§ **SUPPLIED INFORMATION**:
------------------------------------------------------------
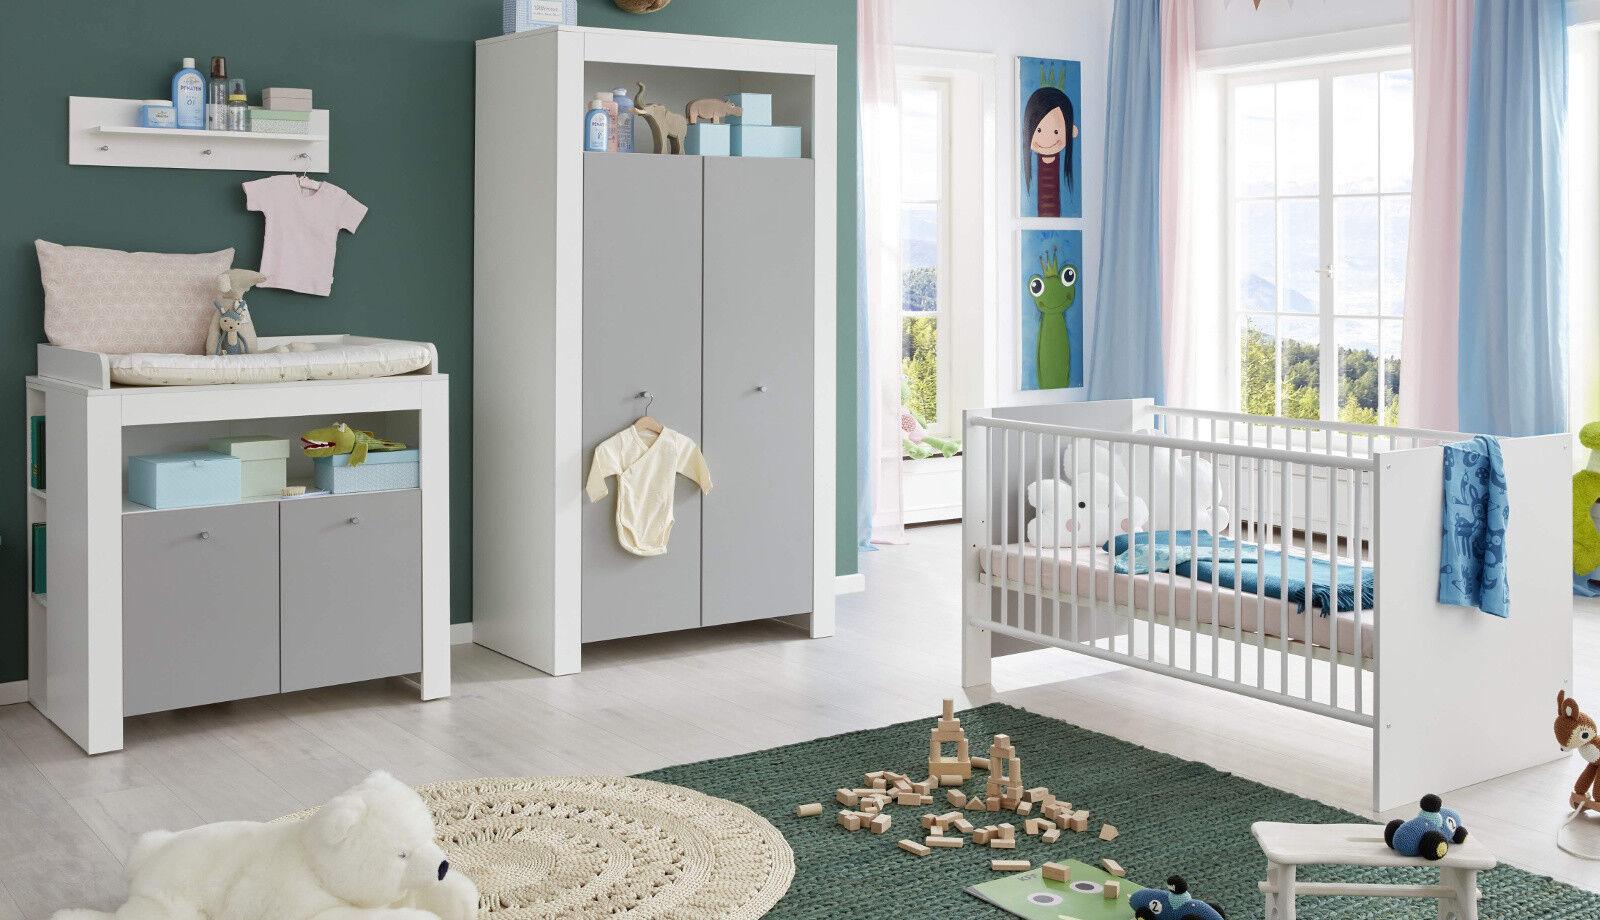 Baby Bett Mit Wickelkommode Test Vergleich Baby Bett Mit
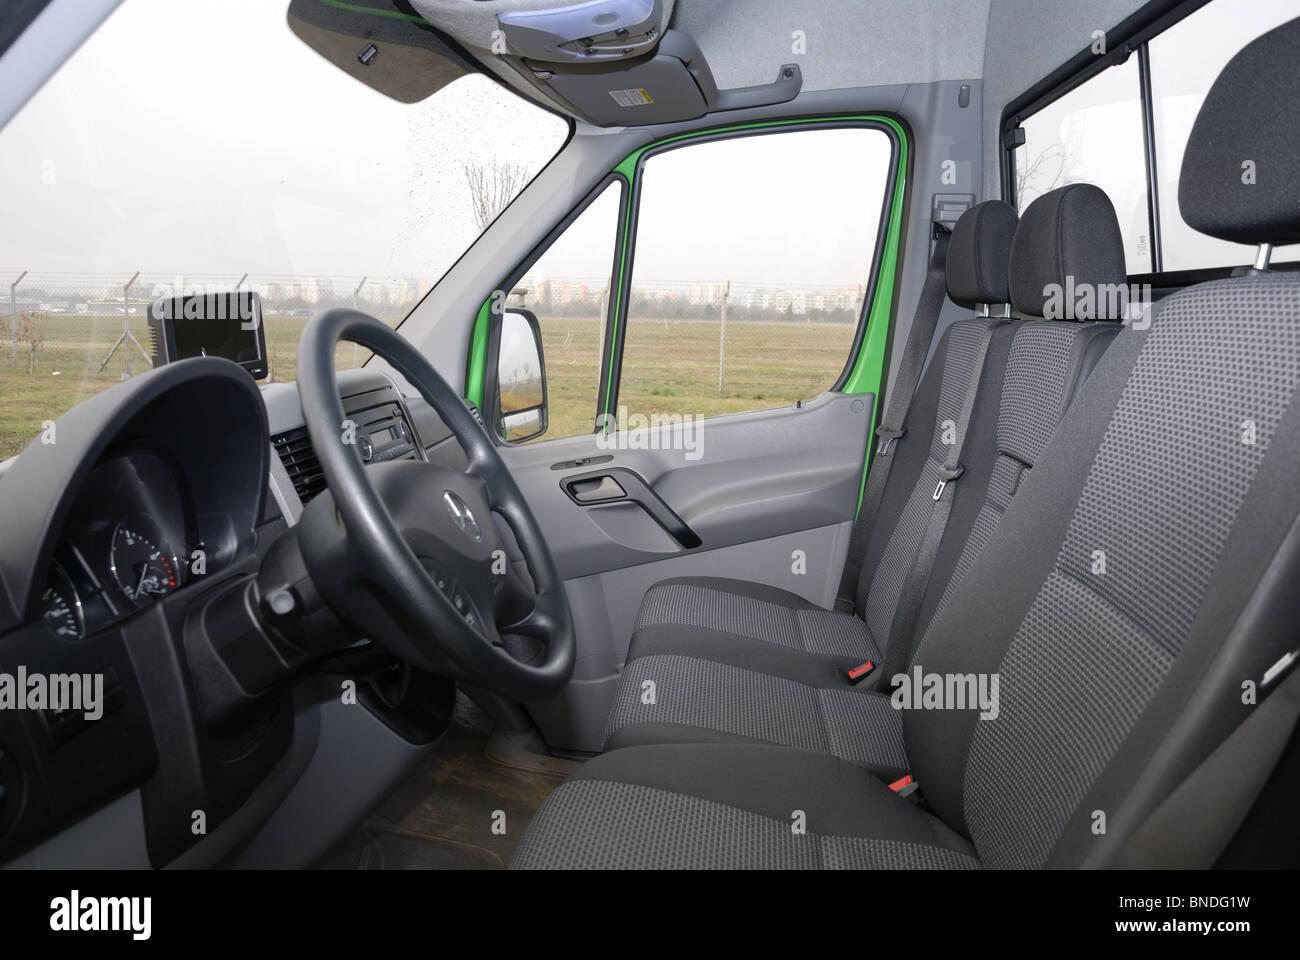 http://c8.alamy.com/compde/bndg1w/mercedes-benz-sprinter-260-cdi-van-grun-l3h2-deutsch-mcv-van-interieur-kabine-sitze-und-armaturenbrett-bndg1w.jpg
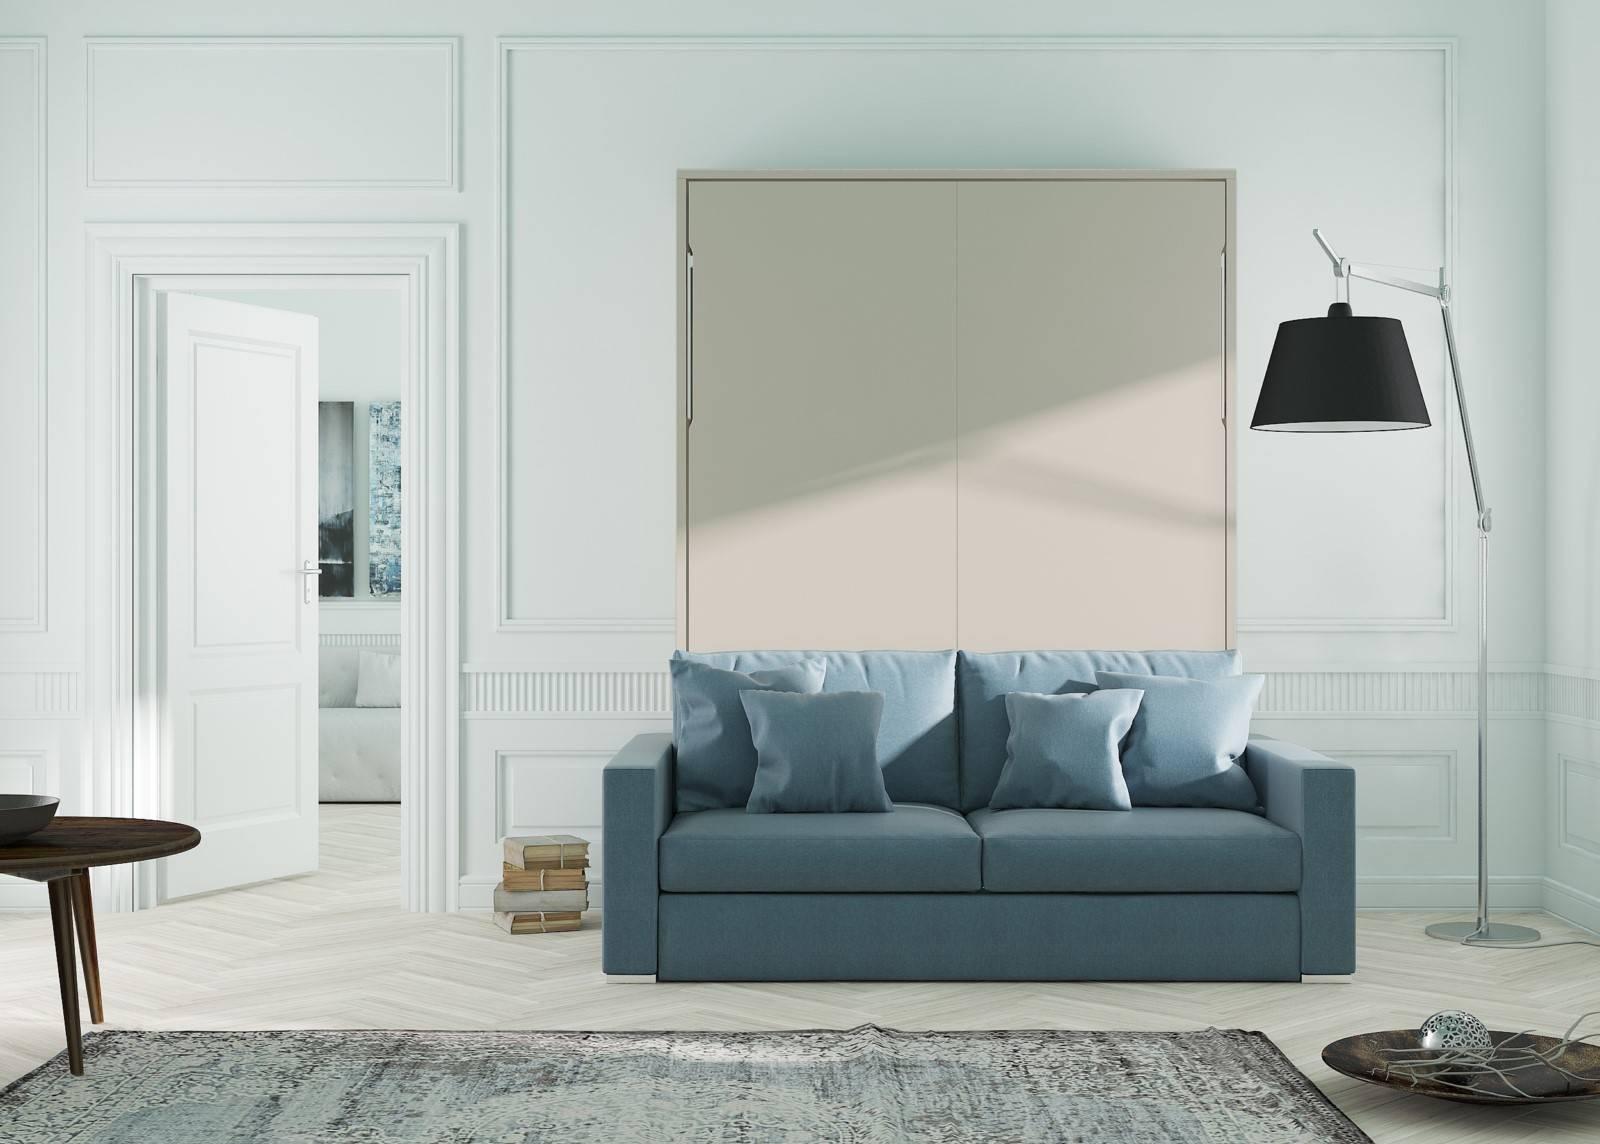 lit escamotable vertical avec canap int gr mod le aix. Black Bedroom Furniture Sets. Home Design Ideas
------------------------------------------------------------
§ **BRIEF**: Nothing but the pictures should be left out when the listing is repeated exactly.

§ **EXERCISE OUTPUT**:
 Baby Bett Mit Wickelkommode Test Vergleich Baby Bett Mit
 http://c8.alamy.com/compde/bndg1w/mercedes-benz-sprinter-260-cdi-van-grun-l3h2-deutsch-mcv-van-interieur-kabine-sitze-und-armaturenbrett-bndg1w.jpg
 lit escamotable vertical avec canap int gr mod le aix. Black Bedroom Furniture Sets. Home Design Ideas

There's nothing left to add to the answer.